# Unformatted SD card - camera saved photos - can preview on camera - but how to...?



## Completely Bonkers (Mar 21, 2011)

I forgot to "format" an SD card before sticking it in to my Nikon D90.  I've taken quite a few photos.  I can scan and preview them no problem on the Nikon.  I don't have my USB-Nikon cable here with me... in fact... I've never used it. I always take the SD card out of the Nikon and stick it in the netbook slot and access directly.

But this time I'm getting "card not formatted, want to format?" error. The files are there, just somehow not in NTFS/FAT accessible format.

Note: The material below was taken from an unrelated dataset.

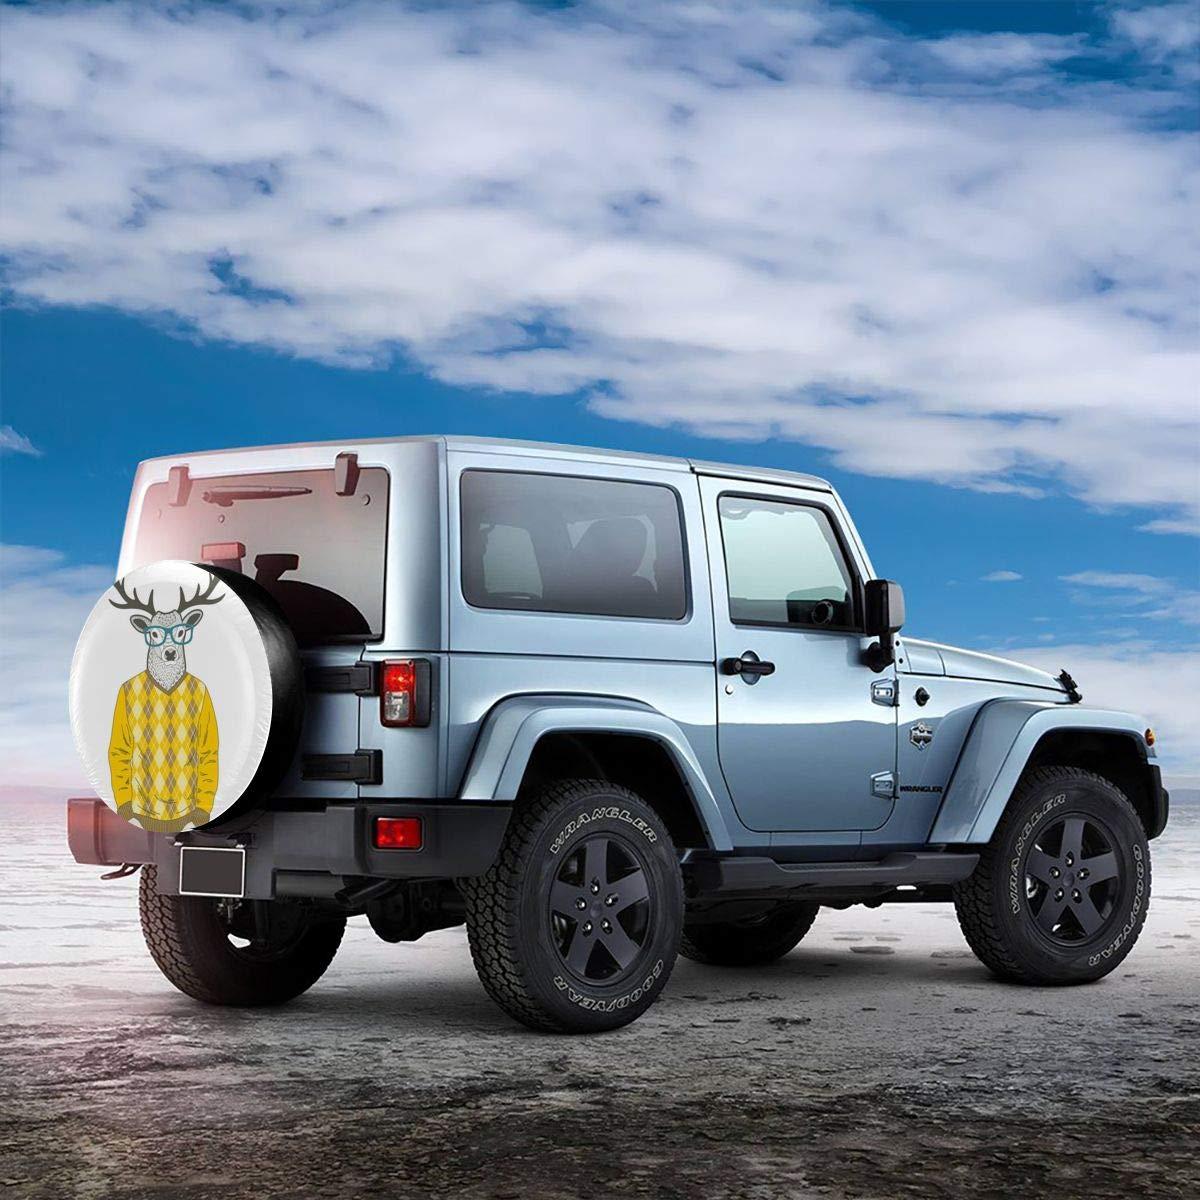 Mextrani Spare Tire Cover 14 15 16 17 inch Wheel Tire Cover for RV Camper Travel Trailer RAV4 Car Truck Tire

Any ideas how to get these photos off the card?

Thanks to any solutions. 

#edit#
SOLUTION BELOW, POST#10 http://www.techpowerup.com/forums/showpost.php?p=2231338


----------



## Sasqui (Mar 21, 2011)

Completely Bonkers said:


> I forgot to "format" an SD card before sticking it in to my Nikon D90.  I've taken quite a few photos.  I can scan and preview them no problem on the Nikon.  I don't have my USB-Nikon cable here with me... in fact... I've never used it. I always take the SD card out of the Nikon and stick it in the netbook slot and access directly.
> 
> But this time I'm getting "card not formatted, want to format?" error. The files are there, just somehow not in NTFS/FAT accessible format.
> 
> ...



Are you sure the photos you're looking at aren't on the cameras internal memory?  Do you have a USB cable for the camera???  Edit... just re-read, you need a cable!!!


----------



## Peter1986C (Mar 21, 2011)

Download Unetbootin and a Linux distro of your choice, and use Unetbootin to write that .iso file of that Linux distro to a usb thumb drive. Now you have a bootable USB drive, do a reboot to start the netbook from the USB drive. Make sure you get into Live mode, which usually happens automatically (else you will get the choice, often refered to as "try without installing" or just the OS version number if the installer is a program within the Live mode).
Then plug in the Flash card containing the pictures and access your files (should work, if not either the file system is from another solstice or corrupted, or whatever possible cause that I might have forgotten about for now).


----------



## Completely Bonkers (Mar 21, 2011)

@Sasqui, thanks, but no, the D90 doesnt have internal memory. The photos are on the SD card.
@Chevalr1c, thanks, but am looking for a slightly easier solution if possible!


----------



## newtekie1 (Mar 21, 2011)

Perhaps asking Nikon would lead somewhere.  They might have a piece of software that will read the pictures off the card.


----------



## Sasqui (Mar 21, 2011)

Completely Bonkers said:


> @Sasqui, thanks, but no, the D90 doesnt have internal memory. The photos are on the SD card.
> @Chevalr1c, thanks, but am looking for a slightly easier solution if possible!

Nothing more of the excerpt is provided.